The decomposition of the input model as a sum of elements (simplified models) is the first step for confronting the model with the experimental limits. The next step consists of computing the relevant signal cross sections (or theory predictions) for comparison with the experimental limits. Below we describe the procedure for the computation of the theory predictions after the model has been decomposed.

Computing Theory Predictions

As discussed in Database Definitions, the SModelS database allows for two types of experimental constraints: Upper Limit constraints (see UL-type results) and Efficiency Map constraints (see EM-type results). Each of them requires different theoretical predictions to be compared against experimental data.

UL-type results constrains the weight (\(\sigma \times BR\)) of one element or sum of elements. Therefore SModelS must compute the theoretical value of \(\sigma \times BR\) summing only over the elements appearing in the respective constraint. This is done by assigning an efficiency equal to 1 (0) to each element, if the element appears (does not appear) in the constraint. Then the final theoretical prediction is the sum over all elements with a non-zero value of \(\sum \sigma \times BR \times \epsilon\). This value can then be compared with the respective 95% C.L. upper limit extracted from the UL map (see UL-type results).
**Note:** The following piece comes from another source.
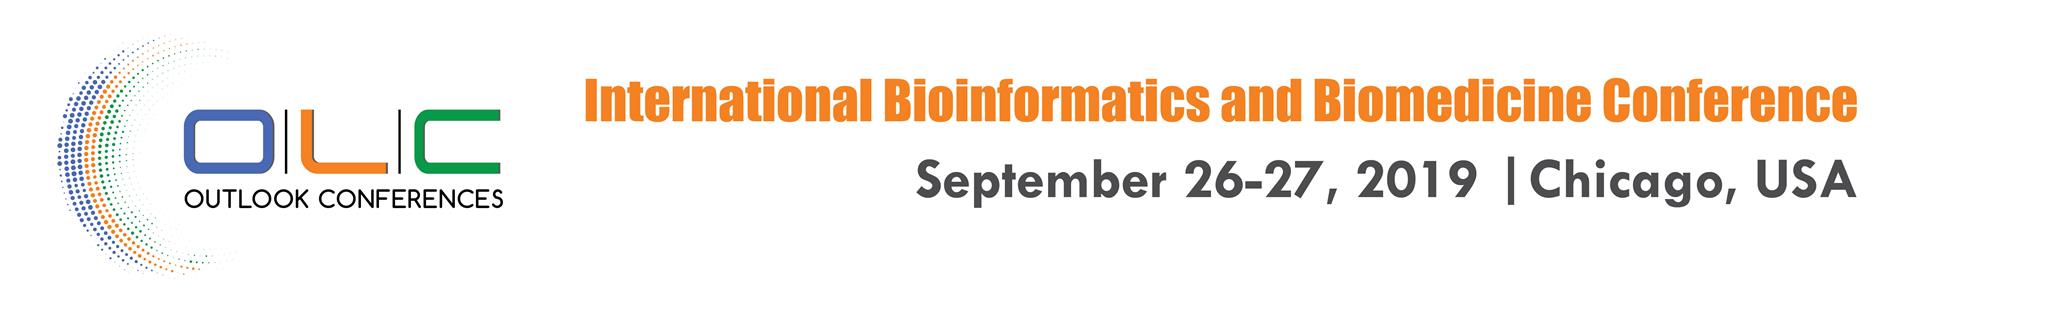 International Bioinformatics and Biomedicine Conference, Chicago, Illinois, United States

On the other hand, EM-type results constrain the total signal (\(\sum \sigma \times BR \times \epsilon\)) in a given signal region (DataSet). Consequently, in this case SModelS must compute \(\sigma \times BR \times \epsilon\) for each element, using the efficiency maps for the corresponding DataSet. The final theoretical prediction is the sum over all elements with a non-zero value of \(\sigma \times BR \times \epsilon\). This value can then be compared with the signal upper limit for the respective signal region (data set).

For experimental results for which the covariance matrix is provided, it is possible to combine all the signal regions (see Combination of Signal Regions). In this case the final theory prediction corresponds to the sum of \(\sigma \times BR \times \epsilon\) over all signal regions (and all elements) and the upper limit is computed for this sum.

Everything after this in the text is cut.